▶ **Task details**:
Starting at the line that contains "NWT As You Wish Aztec Lace Tank Dress", reproduce only the lines through the end of the data, exactly, including both the first and the last; skip the pictures.

▶ **Data excerpt**:
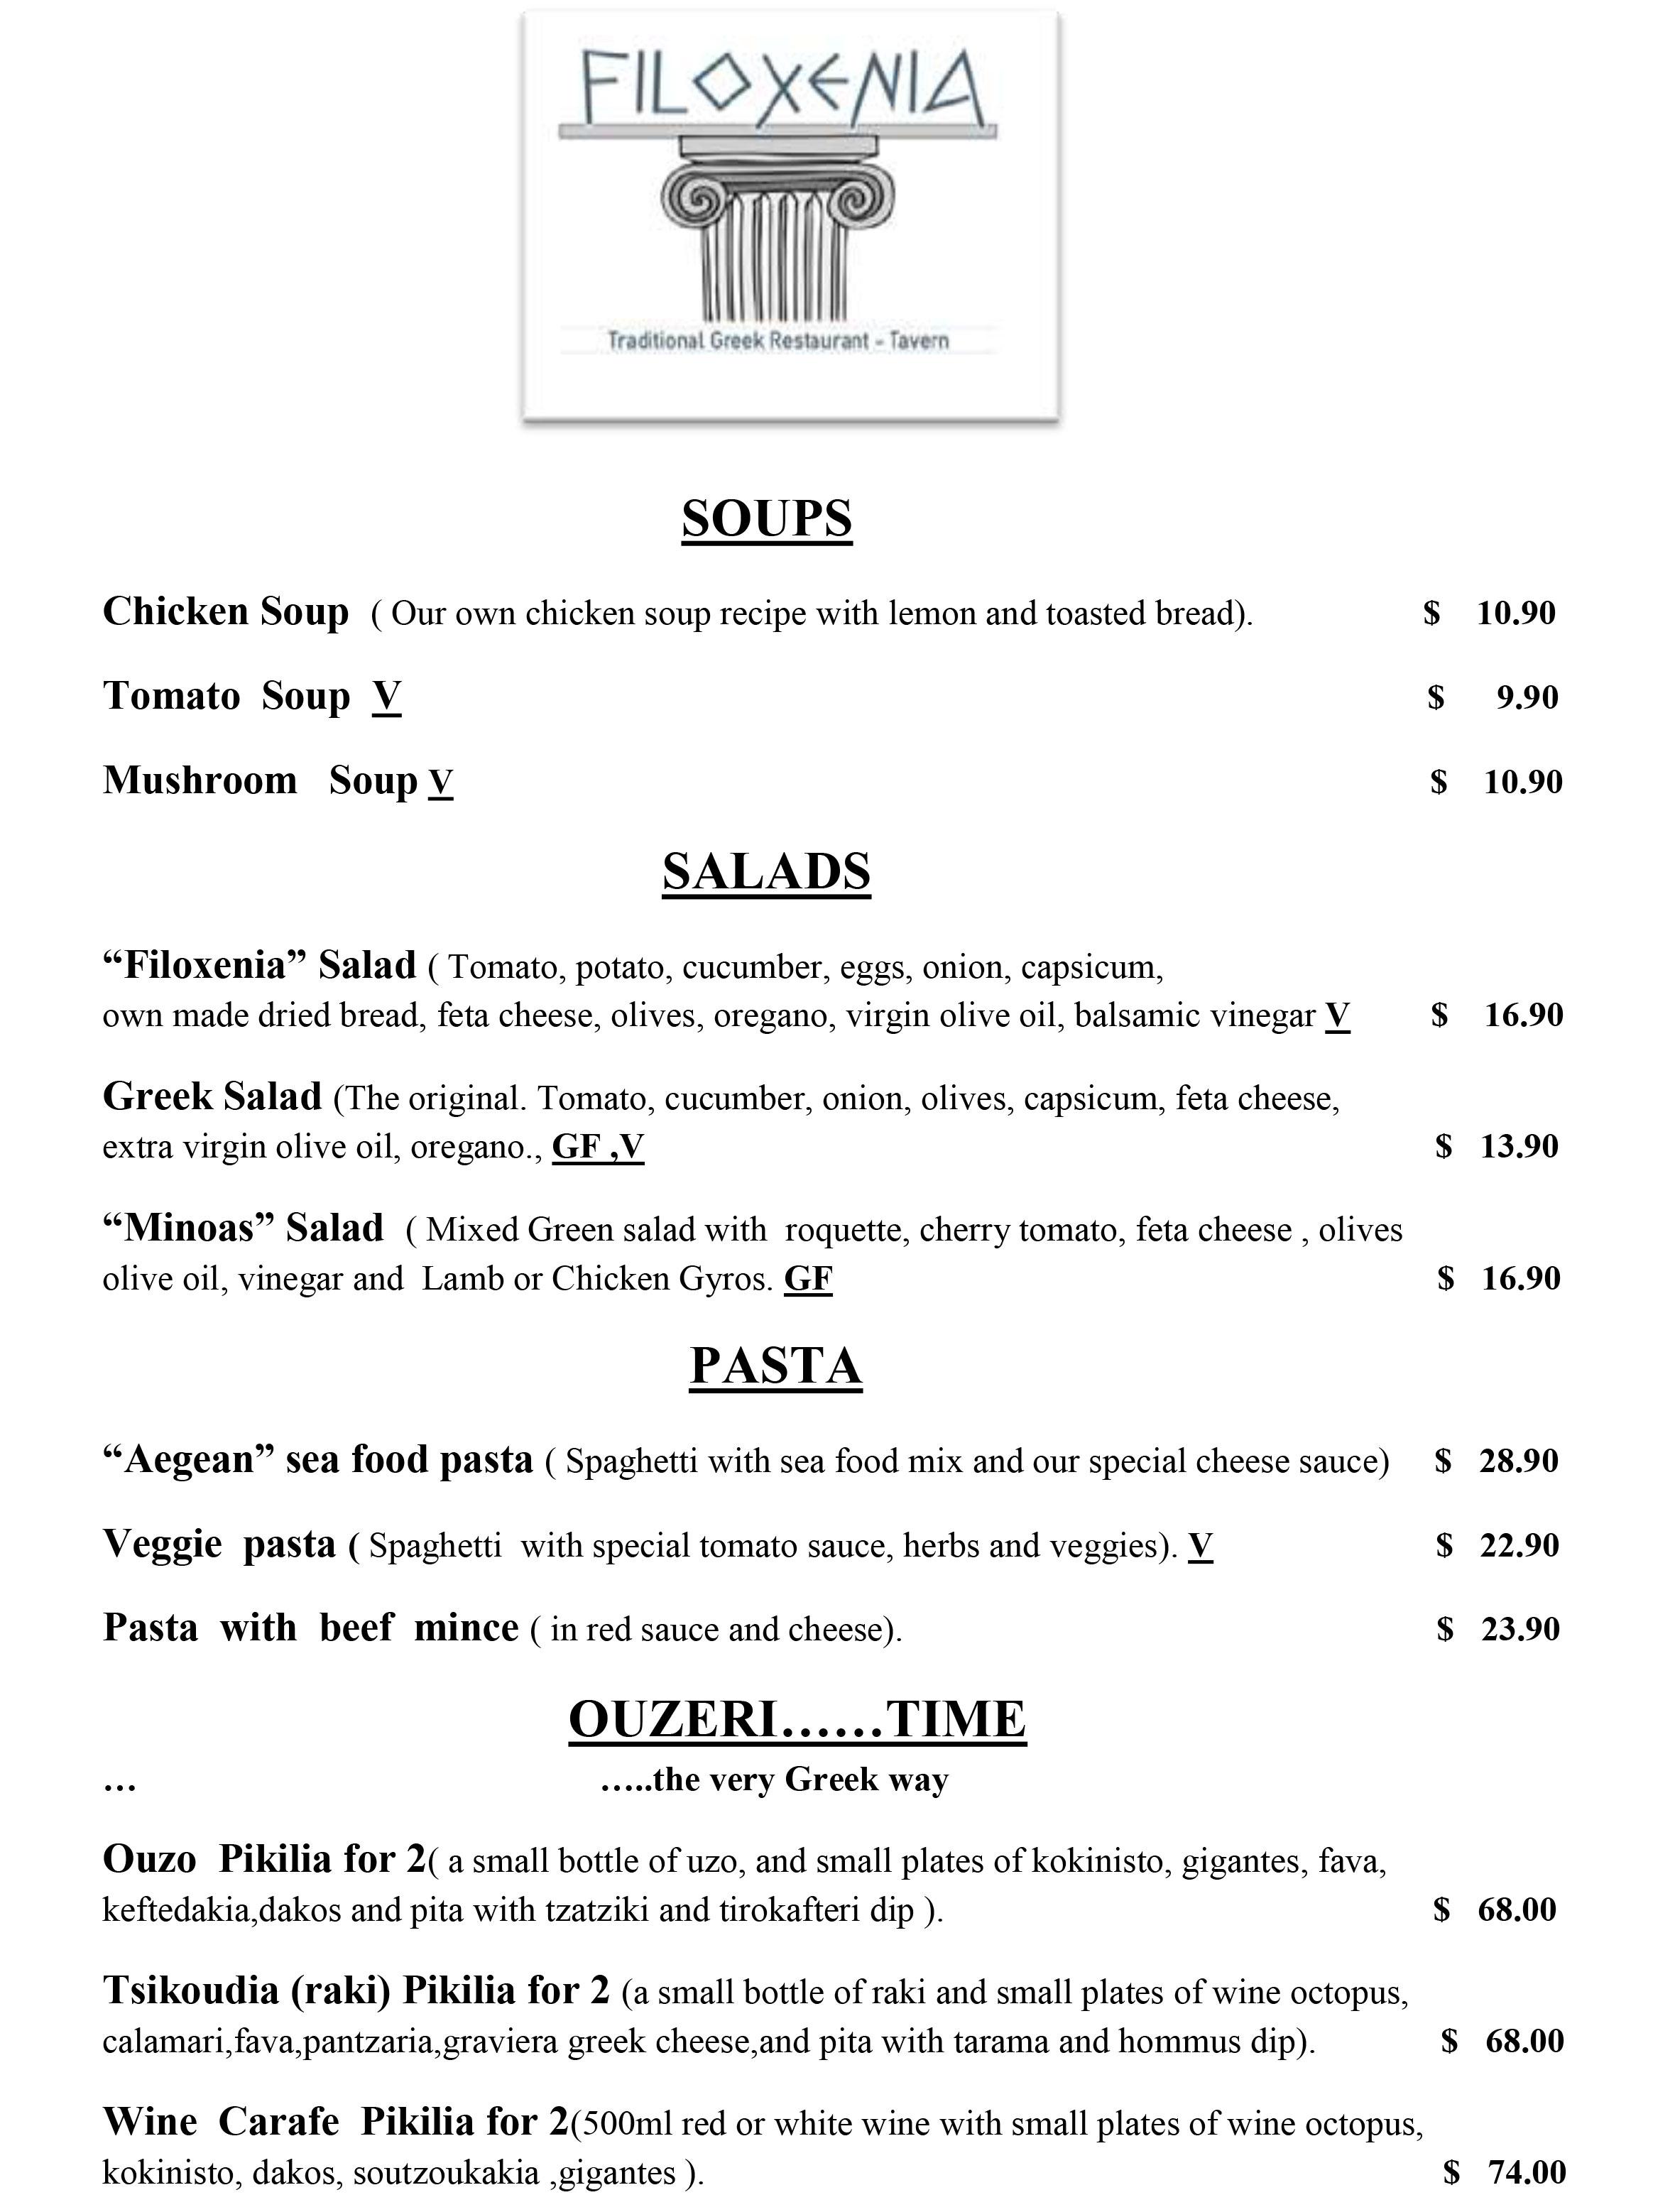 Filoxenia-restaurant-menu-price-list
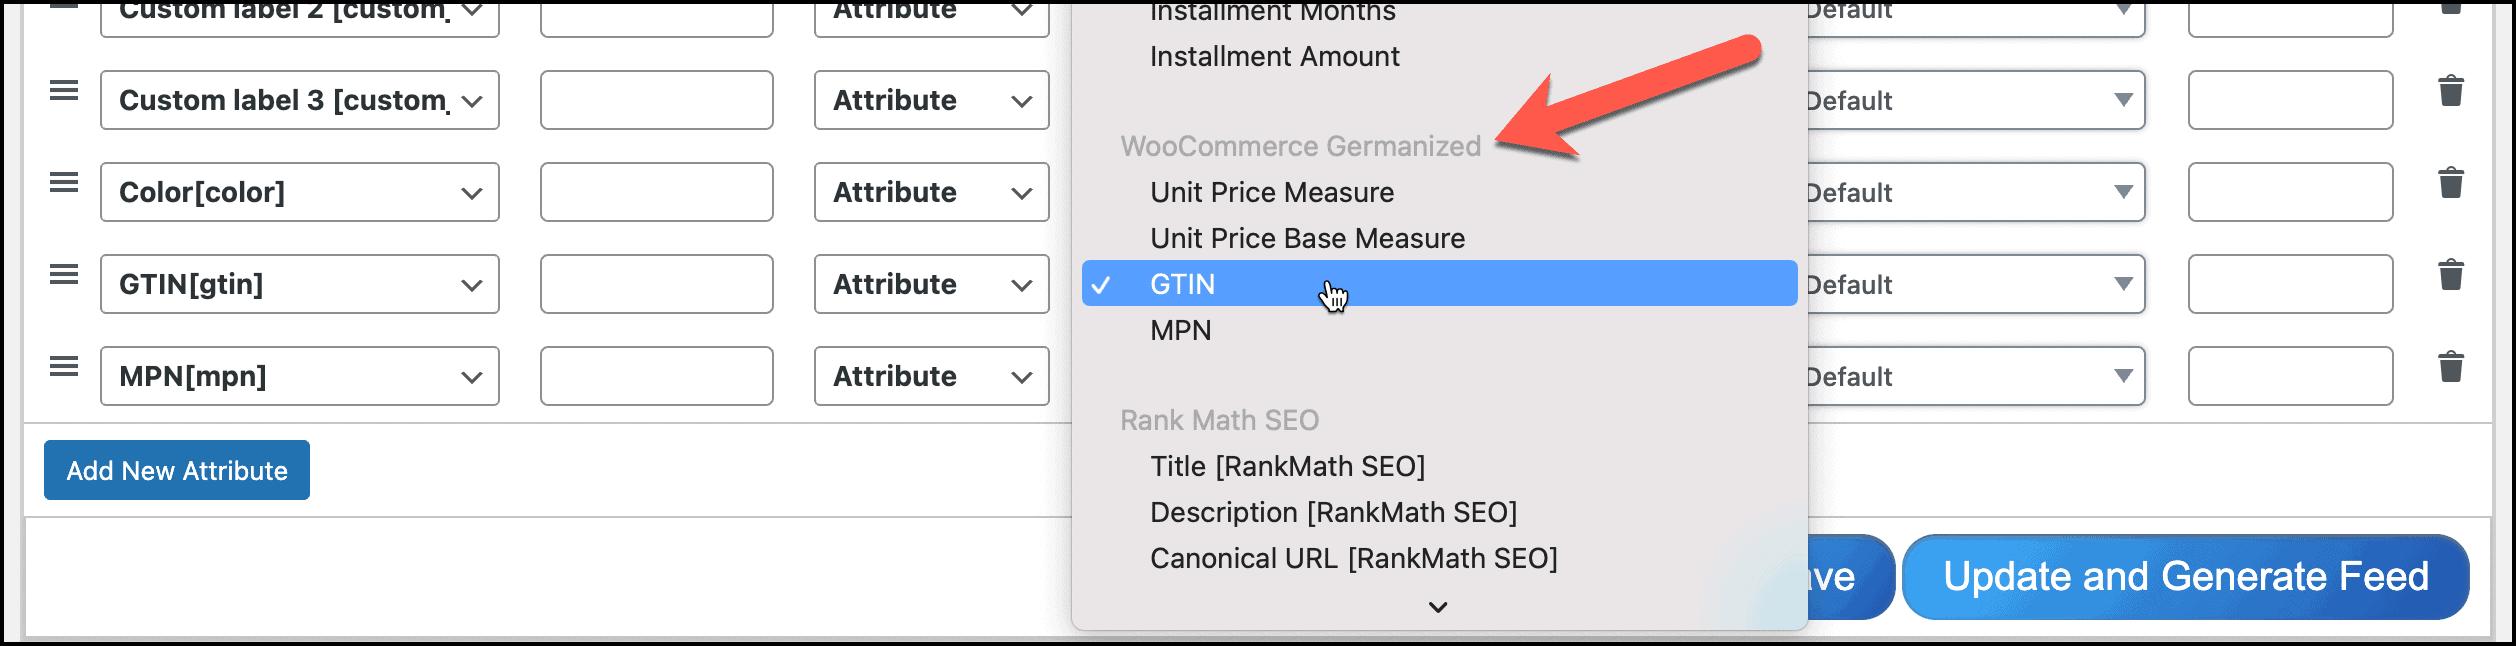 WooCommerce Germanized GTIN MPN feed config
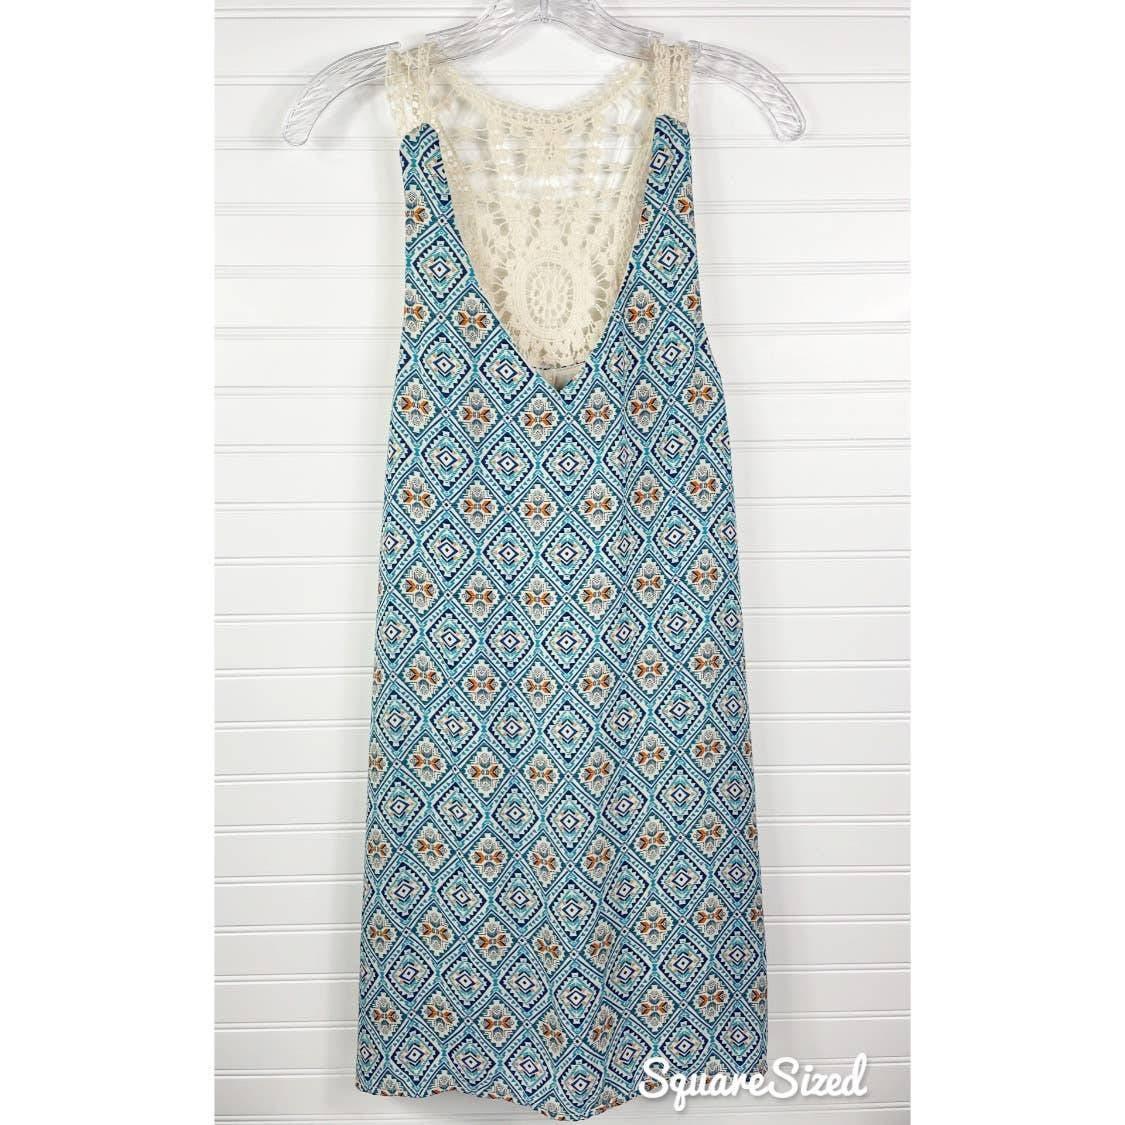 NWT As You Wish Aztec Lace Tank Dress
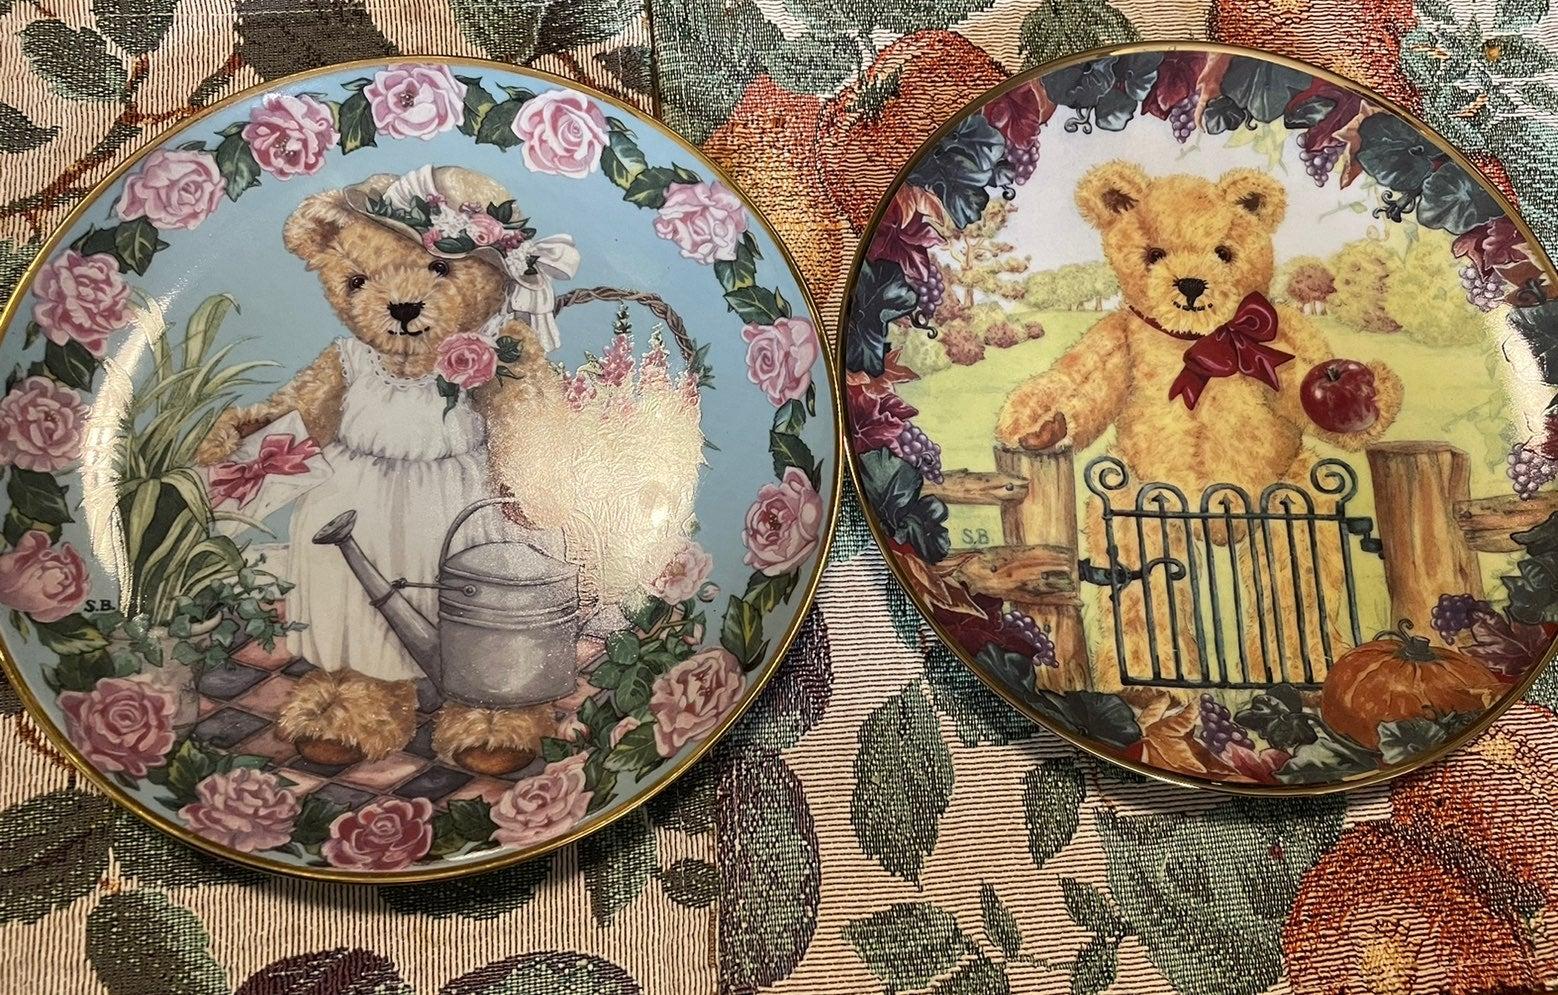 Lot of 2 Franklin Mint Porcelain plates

▶ **Answer to this problem**:
 NWT As You Wish Aztec Lace Tank Dress
 Lot of 2 Franklin Mint Porcelain plates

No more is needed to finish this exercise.